Pairwise and network analysis of fighting interactions
The evidence of enforcer specialization provided and prior research on status and conflict suggest that there should be meaningful patterns in who fights whom. Players who fight frequently should be disproportionately likely to fight one another, especially after the onset of specialized enforcement. To assess this, individual fighting penalties in the play-by-play dataset are transformed into a set of fighting pairs. A pair is identified when exactly one player on each team receives a fighting penalty at the exact same time in a game. Across 71 seasons of data there are 25,576 such pairs.

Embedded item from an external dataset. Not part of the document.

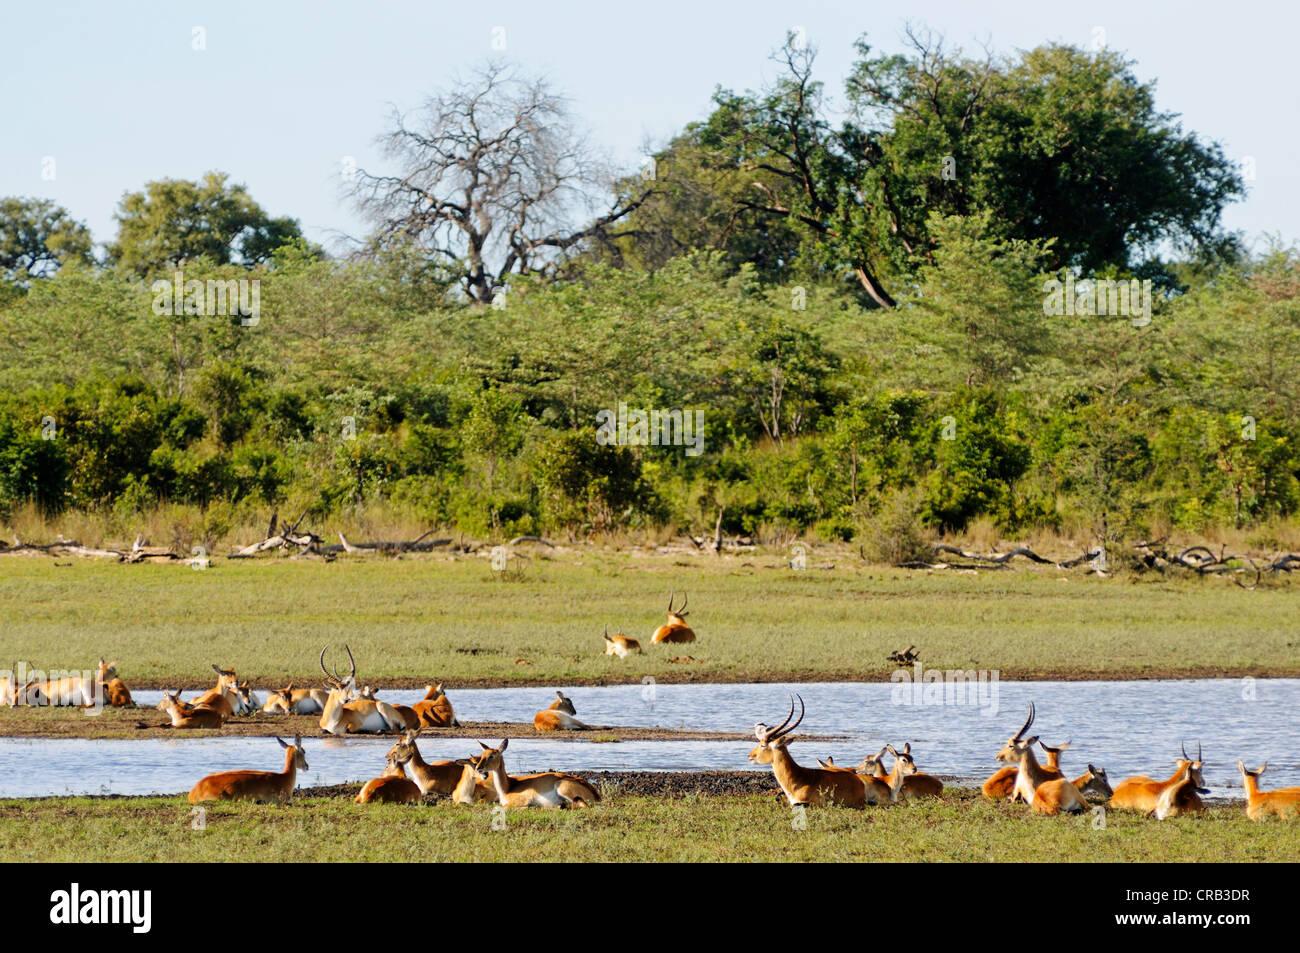 Southern Lechwe (Kobus leche) antelopes, in Bwabwata National Park, former Caprivi National Park and Mahango National - Stock Image
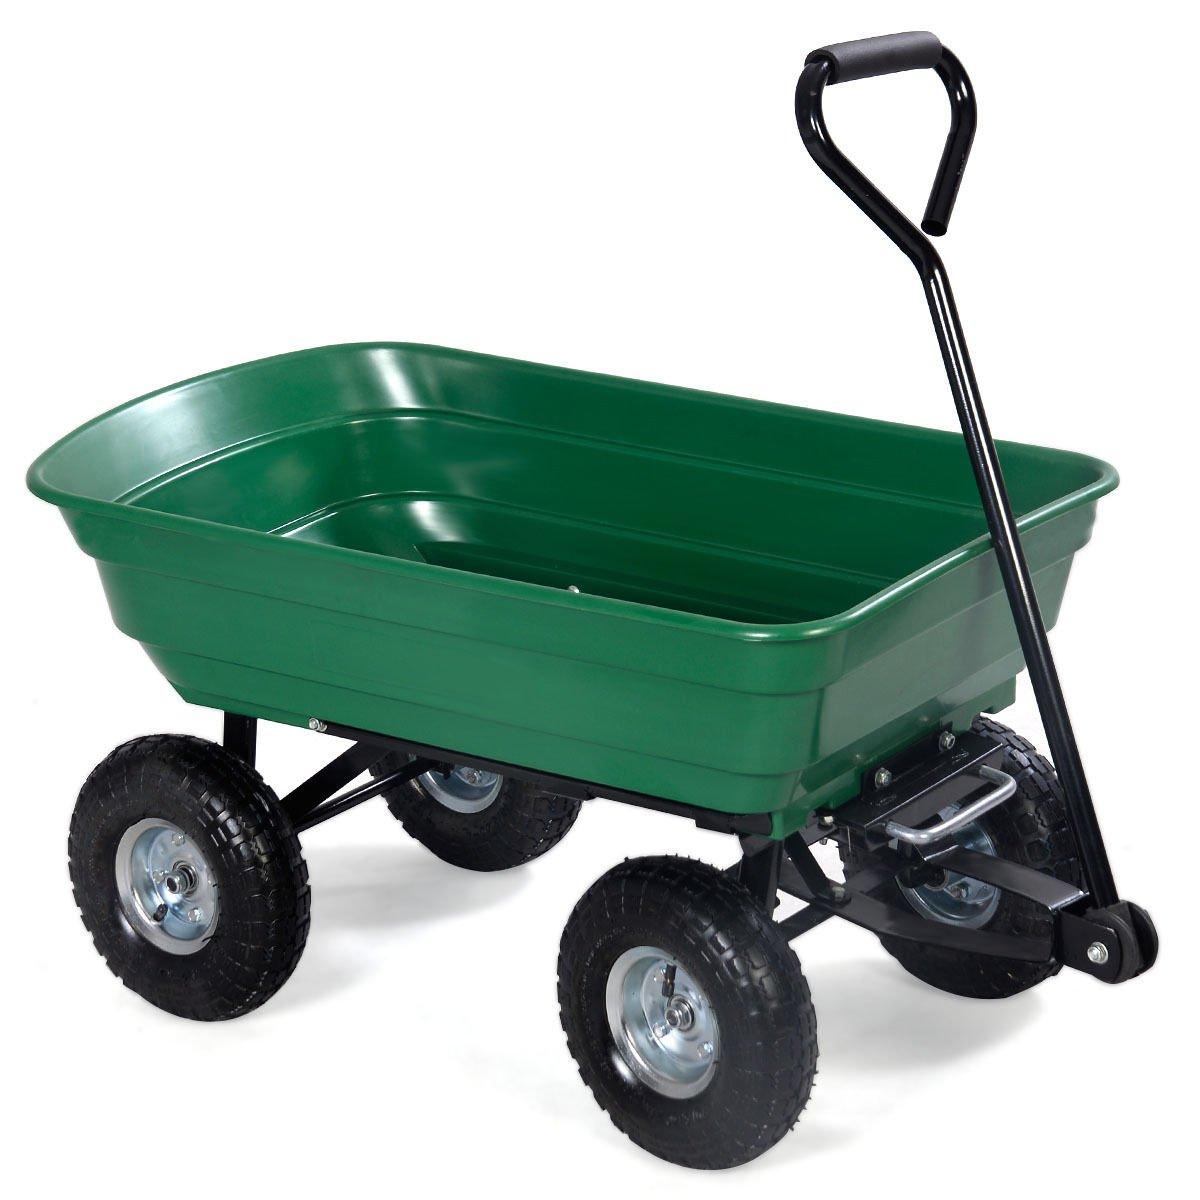 Garden Dump Cart Dumper Wagon Carrier Wheel Barrow Air Tires Heavy Duty 650LB

Two analyses confirm this tendency. At the dyadic-level, Kendall correlations in the fighting rates and scoring rates of opposing pairs of fighters are calculated. Once again, players who are in less than 20 games, have no goals or assists, and goalies are all excluded from analysis. The results for each season are plotted in Figure 5(a). In accordance with prediction, these correlations increase over time alongside the onset of specialization (from roughly 1970–2000). (a) (Top) displays the Kendall correlation of fighting pair scoring rates and fighting rates by season. Over time player rates more closely resemble the rates of their fighting opponents. Similarly, the bottom panel (b) shows exponential random graph model coefficients for the absolute difference term of fighting rate percentiles. More negative values indicate that, all else equal, fights are more likely between players with similar fighting tendencies.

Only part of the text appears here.